GitHub fixed critical vulnerability in under six hours
GitHub also faced additional outages last week, adding to a growing trend for the platform
Last month, GitHub's team resolved a significant remote code execution issue in under six hours. Wiz Research utilised AI models to identify a flaw in GitHub’s in-house git setup, potentially allowing hackers to access numerous public and private code repositories.

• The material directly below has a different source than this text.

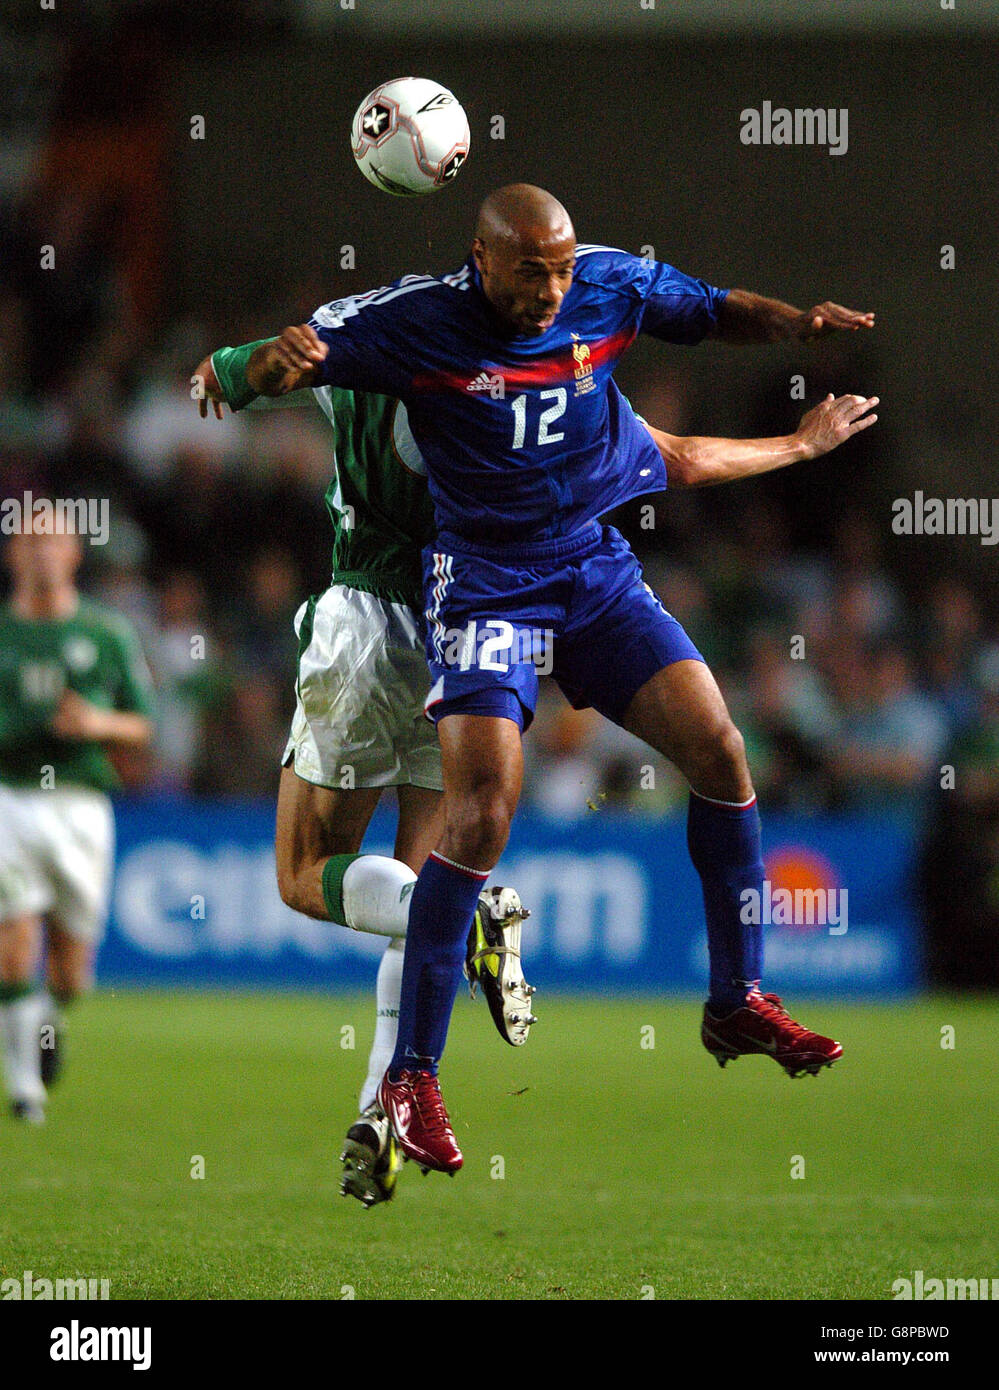 France's Thierry Henry clashes with Ireland's Roy Keane Stock Photo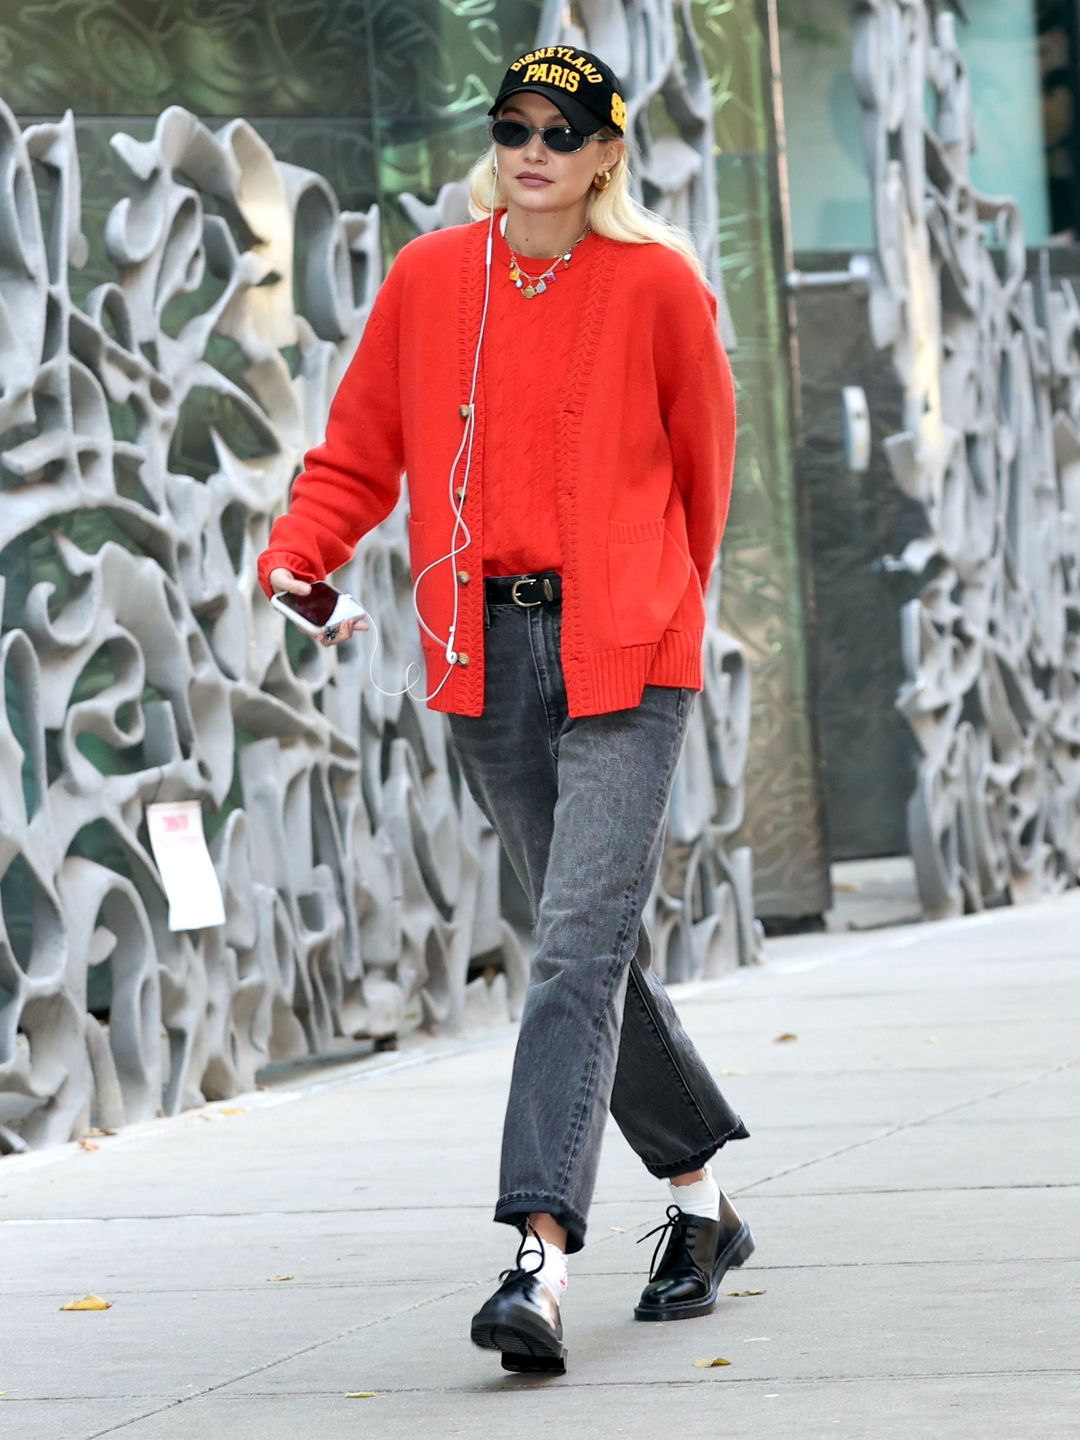 Gigi Hadid takes a walk in NYC wearing a red cardigan and jumper and black jeans

“Our security team promptly started verifying the bug bounty submission. Within 40 minutes, we reproduced the issue internally and confirmed its seriousness,” explains Alexis Wales, GitHub's chief information security officer. “This was a crucial problem that demanded swift resolution.”
GitHub’s developers created a solution and rolled it out just over an hour after pinpointing the root cause, safeguarding both GitHub.com and GitHub Enterprise Server.
“In less than two hours, we had verified the issue, launched a fix to github.com, and initiated a forensic probe that found no exploitation had occurred,” Wales notes. This means the patch was in place within six hours of Wiz’s report.
According to Wiz, the problem was found “using AI.” However, the specific AI model used for this discovery is unspecified.
“Particularly, this is one of the first significant vulnerabilities identified in secret binaries using AI, indicating a new approach to detecting these flaws,” shares Sagi Tzadik, a security expert at Wiz.
Although GitHub’s quick action ensured a remedy was deployed rapidly, Wiz cautions that the rare vulnerability was “surprisingly simple to exploit,” despite the complexity of GitHub’s underlying systems.
“A finding of such magnitude and gravity is uncommon, earning one of the top rewards in our Bug Bounty initiative, and reminds us that highly impactful security research comes from adept researchers who pose the right questions,” adds Wales.
The uncovering of a critical vulnerability in GitHub comes shortly after GitHub experienced a significant outage that unexpectedly reverted previously merged code changes for some users.
GitHub also faced additional outages last week, adding to a growing trend for the platform.
Last week, I reported on staff worries regarding GitHub’s reliability, noting an employee's comment that “the company is falling apart, both with severe outages that have damaged the company’s reputation… and with a leadership exodus.”